Bayi yang mengalami depresi saat lahir dapat mengalami apneu atau menunjukkan
upaya pernafasan yang tidak cukup untuk kebutuhan ventilasi paru-paru. Kondisi ini
menyebabkan kurangnya pengambilan oksigen dan pengeluaran karbondioksida.

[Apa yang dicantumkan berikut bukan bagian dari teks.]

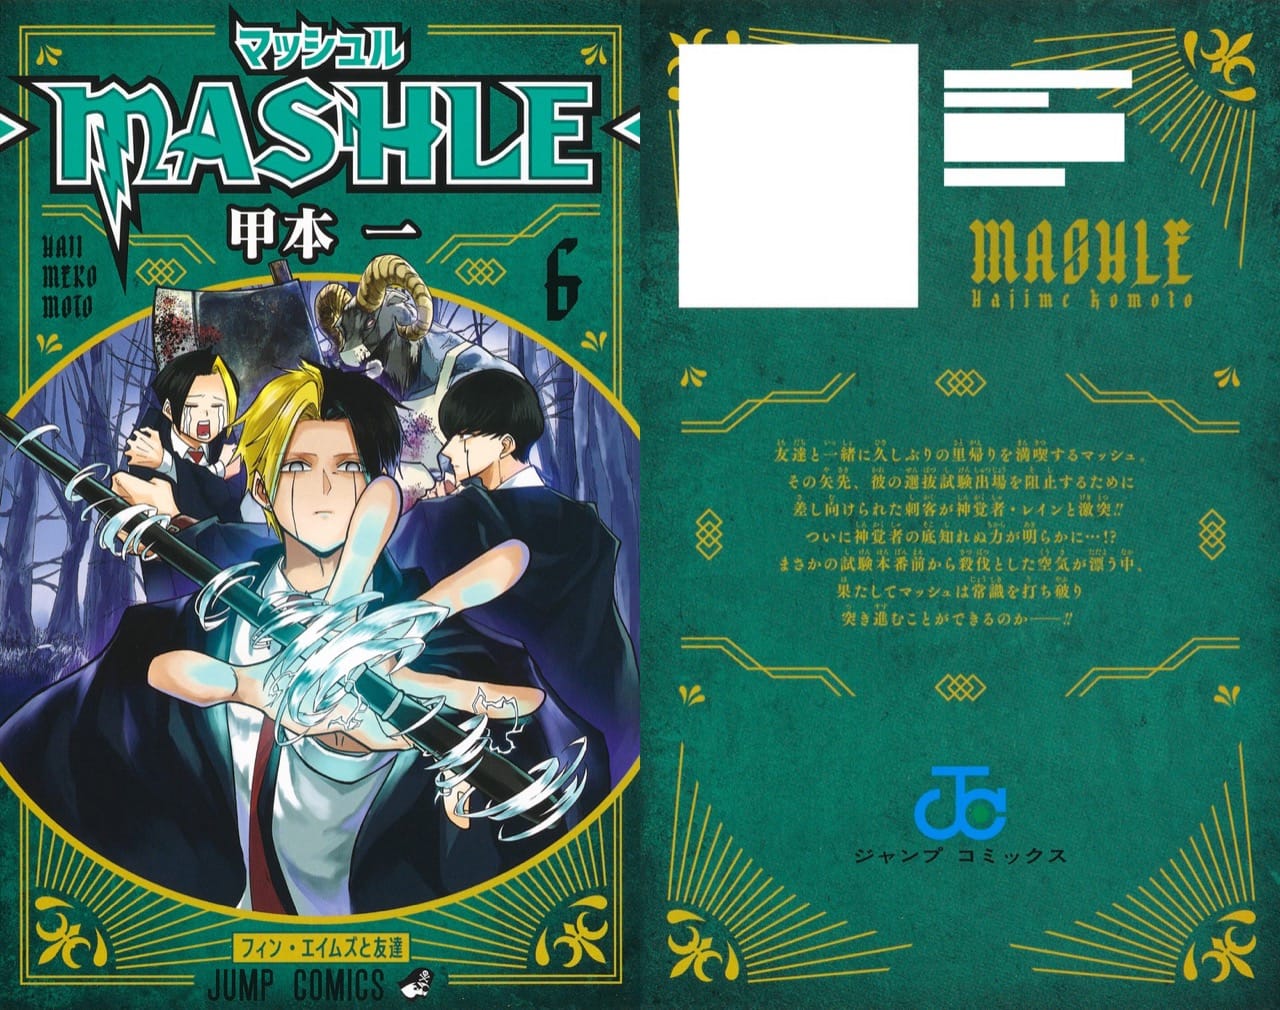 甲本一「マッシュル-MASHLE-」第6巻 2021年4月30日発売!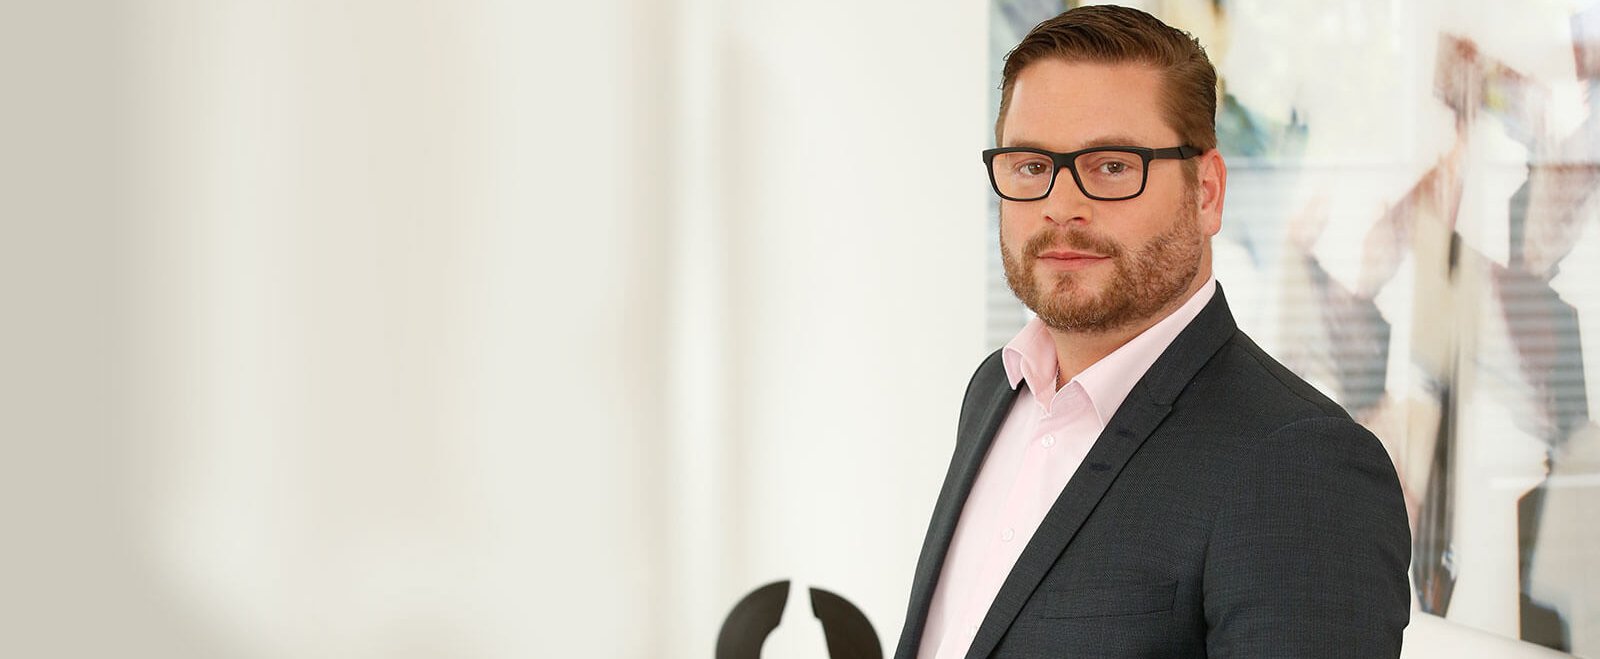 Steffen Hort, geschäftsführender Gesellschafter der Steuerkanzlei Maisenbacher Hort + Partner, im Interview zu New Work in der Steuerbranche

Penyebab depresi bayi pada saat lahir mencakup asfiksia intrauterin, bayi kurang bulan,
obat-obat yang diberikan atau diminum oleh ibu, penyakit neuromuskular bawaan, cacat
bawaan, dan hipoksia intrapartum.
Tujuan pembangunan adalah membangun Indonesia seutuhnya dan membangun
masyarakat seluruhnya, termasuk kesehatan dengan visi Indonesia sehat 2010 (50 tahun
IBI menyongsong masa depan, 2006). Berdasarkan data yang ada angka kematian bayi
(AKB) secara nasional tahun 2004 sebesar 11,7 per 1000 kelahiran, sedangkan tahun
2005 meningkat 32 dari 1000 kelahiran hidup. Pada tahun 2004 di Jawa Tengah sebesar
25/1000 kelahiran hidup, tahun 2005 14,23 /1000 kelahiran hidup (IBI, 2006).
BAB II
TINJAUAN TEORI
A. Definisi
Asfiksia adalah keadaan dimana bayi baru lahir tidak dapat bernapas secara
spontan dan teratur. Bayi dengan riwayat gawat janin sebelum lahir, umumnya akan
mengalami asfiksia pada saat dilahirkan. Masalah ini erat hubungannya dengan gangguan
kesehatan ibu hamil, kelainan tali pusat atau masalah yang mempengaruhi kesejahteraan
bayi selama atau sesudah persalinan (Prawirohardjo, 2005).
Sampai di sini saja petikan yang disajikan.